商品ファンドっつうのがあった。
今もあるんだろうが。
あれなんかも金融ビッグバンで解禁された。
私募もそうだし、会社型投信とか、商品ファンドとか、投資事業組合だの、ビッグバンで解禁されるまで日本で禁じられていたっつーのは、やっぱ、なんかしらのちゃんとした理由があったからなんだろうと今になって思う。
おそらく、昭和30年代でも40年代でも、そういう商品が海外にあることは、当時の人らも知ってたけど、投資家保護とか法的なバックアップに疑問があるので解禁をずっと見送ってきたんかも。
なんか昔の人は無知かのように、つい思ってしまうけど、よくよく考えてみると、そうじゃなかったのかもしれない。
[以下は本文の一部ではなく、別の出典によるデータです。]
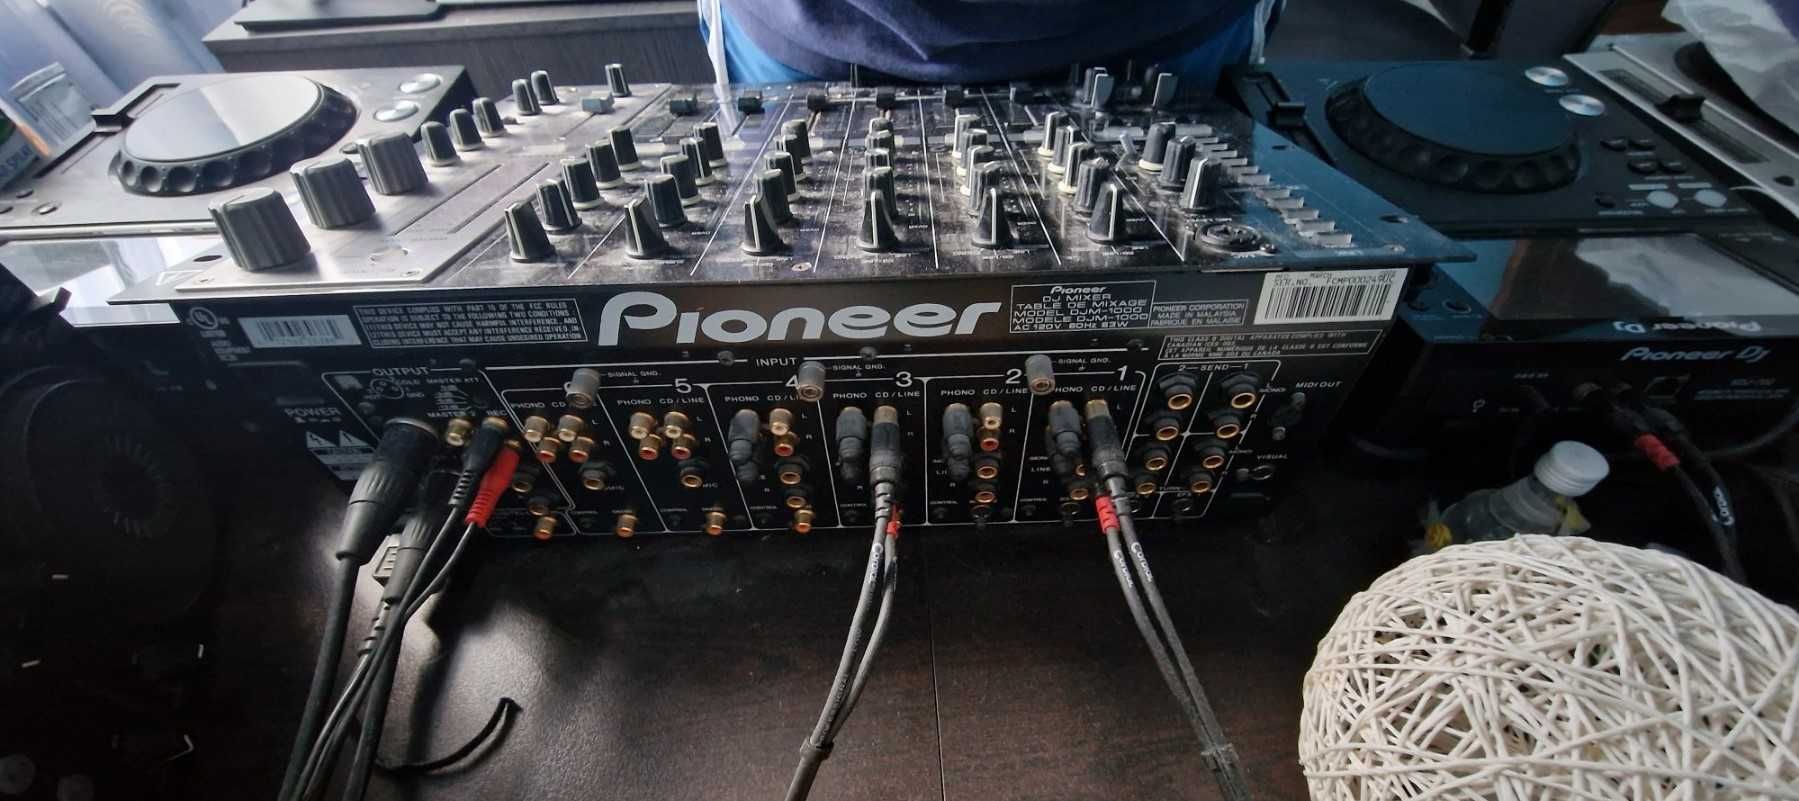 Pioneer DJM 1000
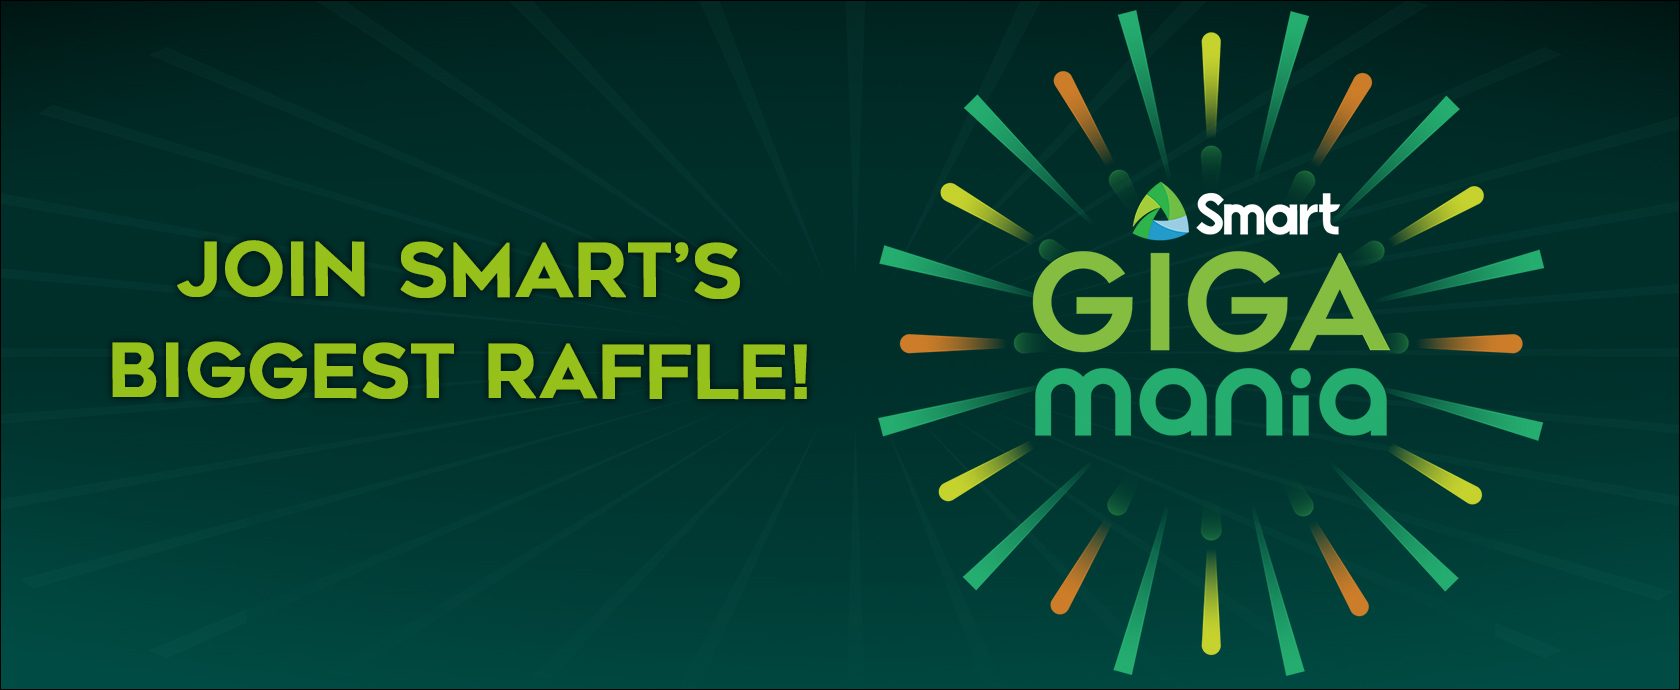 Win more than P30 million worth of cash, smartphones, and data in Smart’s Giga Mania raffle promo

ヘッジファンドやら金融工学やらなんやら派手な面ばかり目に入ってしまうけど、もっとシンプルに考えて、日本人であろうが、アメリカ人であろうが、現代人であろうが、古代人であろうが、人間のやることには大して違いがないことに思いが至れば、今まで禁じられていたことをやるには、本来的には何をちゃんとやっとかなきゃいけないか気付いたはずなんだが、かなり拙速にやってしまった嫌いはあるような気がすんだよな。
頭のいいエリートたちが考えてですら、この有様を招いてしまった。
「愚者は経験から学び、賢者は歴史から学ぶ」というが、この段で行くと、当時のエリートたちも愚者に分類されてしまうということか。

会社法になったが、商法そのものがなくなったわけじゃない。
今更ながら、「商法って、よく考えて作られた法律だったんだなあ」と思うことがある。
明治時代に成立した法律だが、その意味で言うと明治の人らはすごいと思う。
やっぱ、平成時代の人間たちより、断然深いわ。
商法みたいな法律を、現代の人らが作れるとはとても思えん。
だから今でも、古いカタカナ表記の商法の記述を下手にいじれないことになってるんだろう。